Rev. Mishra never met Leif, but he met with us for several hours to learn about his life and wrote and delivered a very honest and open account of his life and death. That was what we wanted, truthfulness, not eulogies, and we were glad for his forthrightness and his kindness to us.

I had never had to plan a memorial service before and I learned a lot planning and carrying these out. I had been to many funerals that seemed to have so little to do with the deceased and so much to do with Christian dogma, and they left me feeling as though the person we were there to remember and honor was almost left out. There was one funeral of a very dear friend who planned her own service that was wonderful, uplifting, truthful and beautiful, and it featured friends and family talking about her and her life. It was so wonderfully true to Betty that although we were all sad to have lost her, we were enriched by that service. The circumstances of Leif's death were tragic and terrible, and his adult life had much less that was happy and uplifting in it, but I wanted the memorials for him to be just as truthful about who he was and why and how he died. I wanted music that represented him and our feelings. I wanted readings that did the same. I think we were successful.

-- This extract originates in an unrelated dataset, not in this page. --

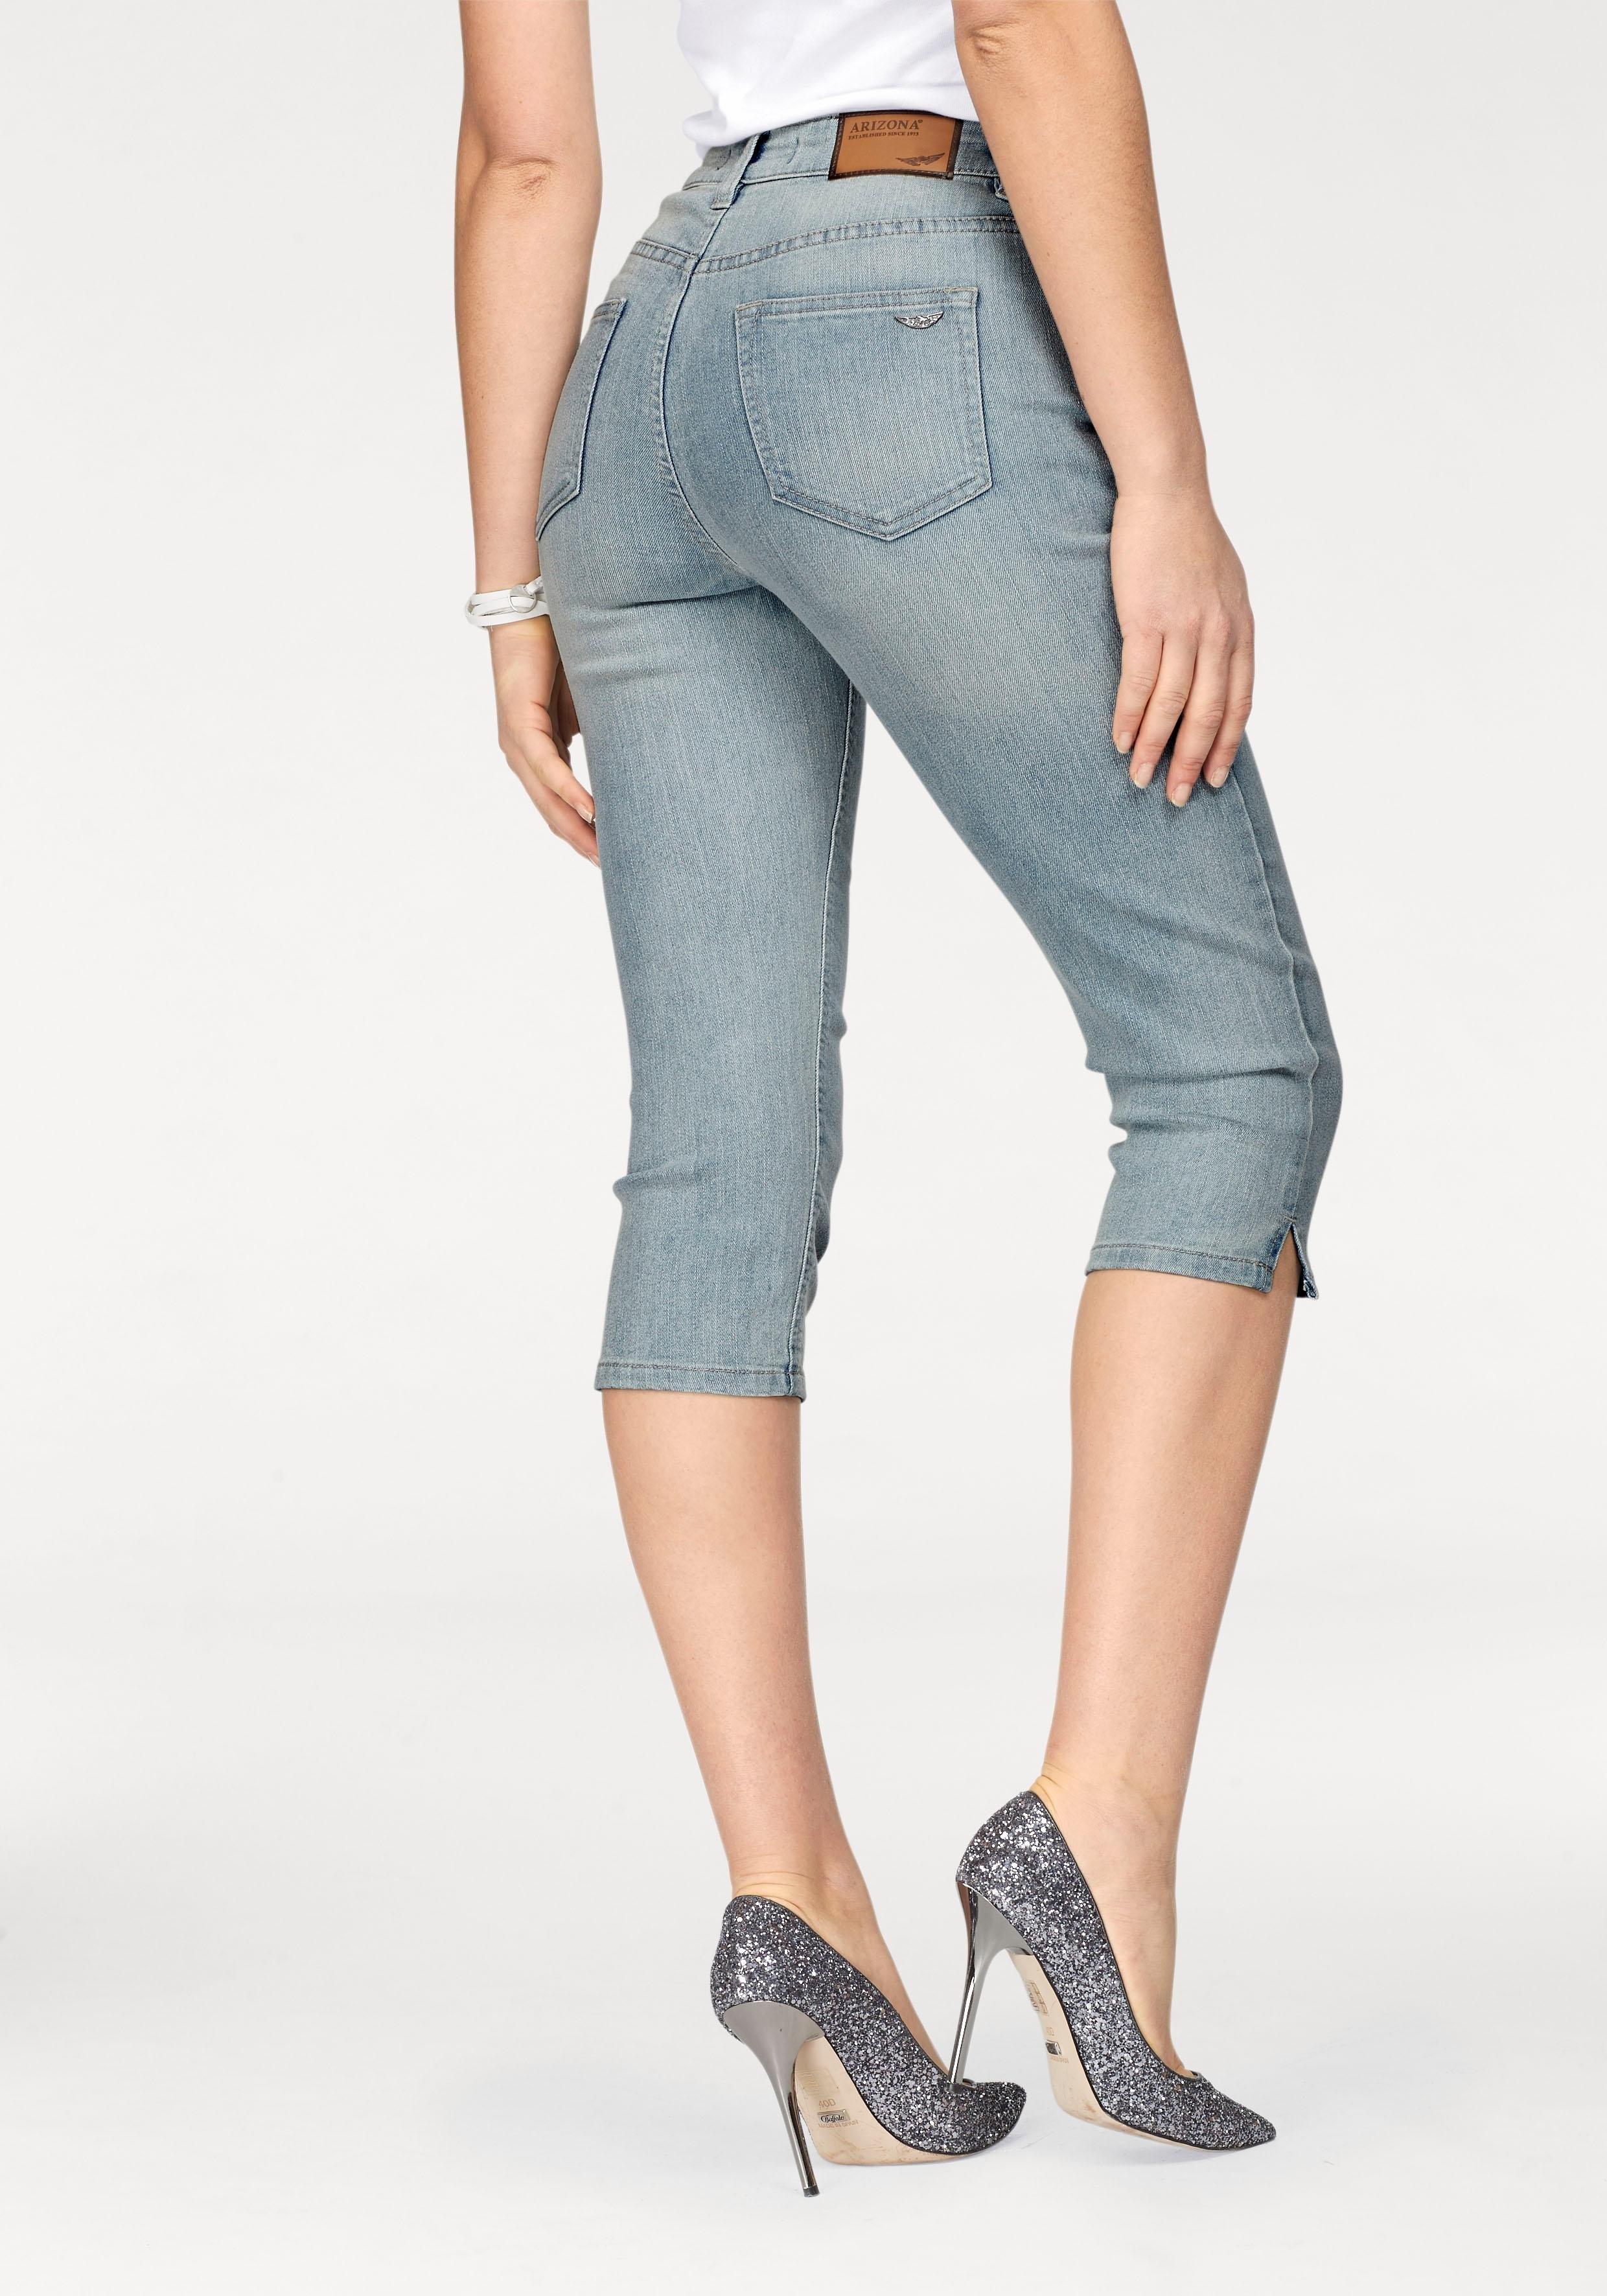 Arizona capri-jeans - verschillende betaalmethodes

A memorial service is for those left behind. It is supposed to help them achieve some closure and say goodbye. I can't speak for the others who came, though I did hear from them that they felt the services were right for Leif, but although I am glad we had them, glad for every spoken word, glad for the flag, glad he received military honors, none of that represented closure to me, and I still cannot really say goodbye. I some sense, I am trying to keep him alive with this blog. I know in reality that isnt possible, but I am not ready to let him go.

The church ceremony concluded with a unison reading of the Christina Rosseti poem, "Remember," the benediction and extinguishing of the flaming chalice, and the piano music of "Think of Me" from "Phantom of the Opera" by Andrew Lloyd Webber, played by Dorothy Byrne.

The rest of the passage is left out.